Lahore-based Daily Times, a leading newspaper, says: “The US is already viewed as an authoritarian and arrogant superpower, and after this verdict its character is bound to take on an arbitrary dimension in perceptions. A murky case to begin with, Dr. Aafia Siddiqui’s ordeal is the subject of many speculations. It is still unclear what exactly happened to Dr. Aafia after her alleged disappearance from Karachi … it seems as if the US is bent upon making a horrific example out of Dr. Aafia.”

The paper adds: “Now that the case is out of the courts, people will be waiting to see how the Obama administration will act. Only time will tell if the US president will step in to mitigate the consequences of this strange sentence by either pardoning Dr Aafia or sending her back to Pakistan …”

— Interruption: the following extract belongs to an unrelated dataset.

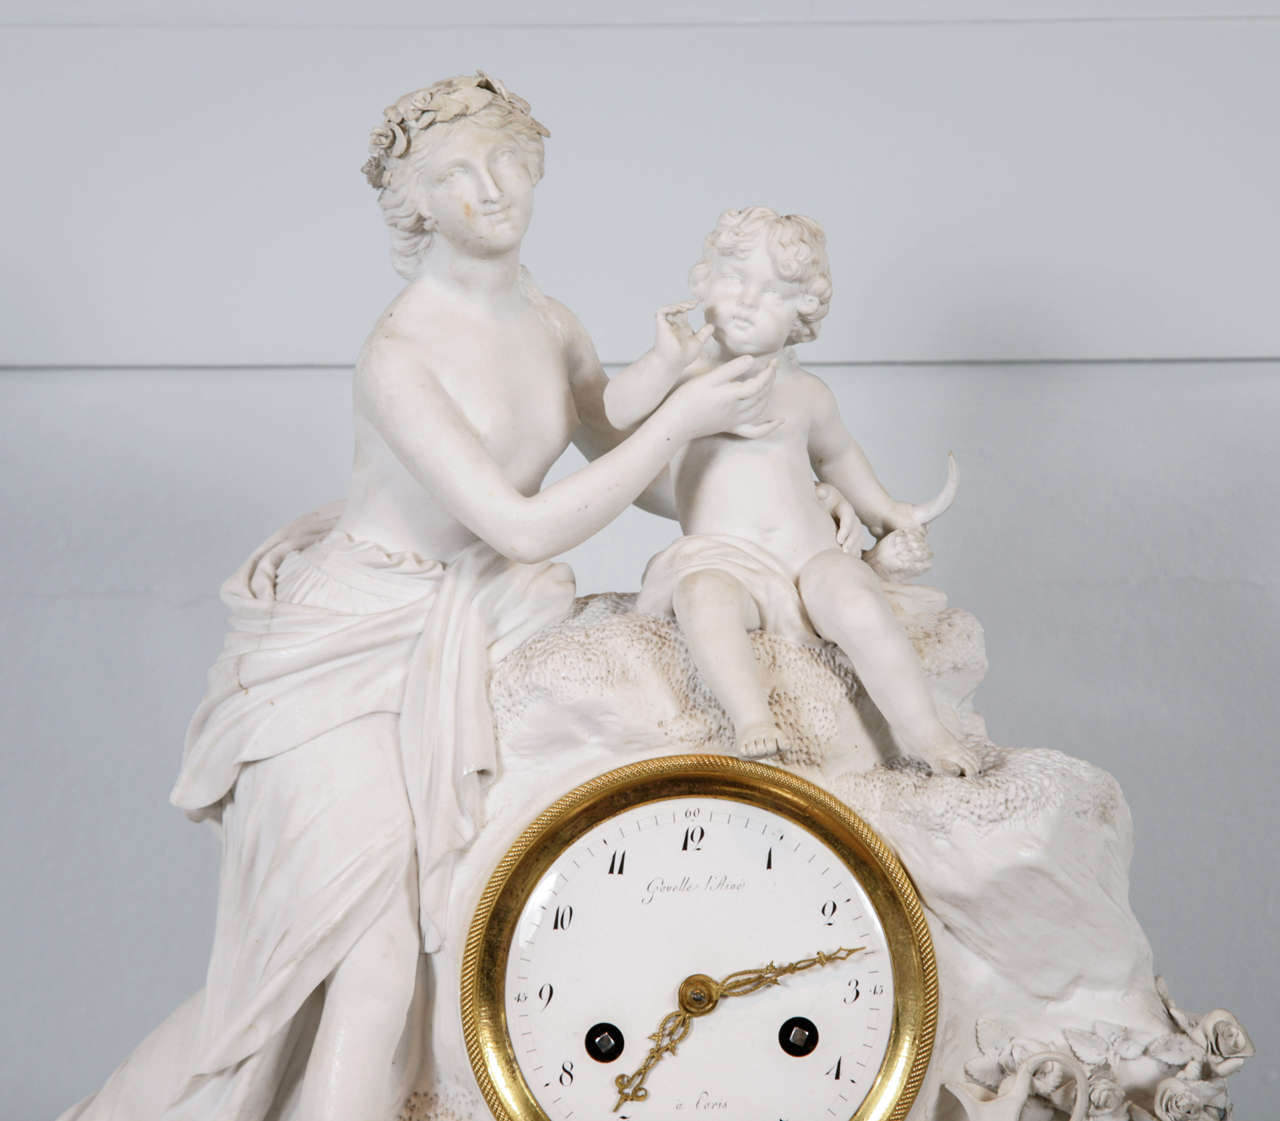 Antique French Mantel Clock by Gavelle L'Aine a Paris, France 1

Dawn, another newspaper, says: “… the case of Aafia Siddiqui was wrapped from the very beginning in all the contradictions and suspicions that characterize relations between Pakistan and the US.” It, however, adds: “Denialism embedded deep in the public psyche has allowed the real threat to the Pakistani state and society, religious extremism, to grow to dangerous proportions…. But long after the story of Dr. Siddiqui will eventually fade, Pakistan will still be faced with an internal enemy it has not even begun to comprehend.”

The release or repatriation of Siddiqui will cause much understandable jubilation as justice done to a “daughter of Pakistan.” We must all welcome such a dénouement – but also hope that it won’t be a victory for the Taliban in their war on women.

The story of Siddiqui provides a particularly sad illustration of the cruel fate of women in this war-torn region.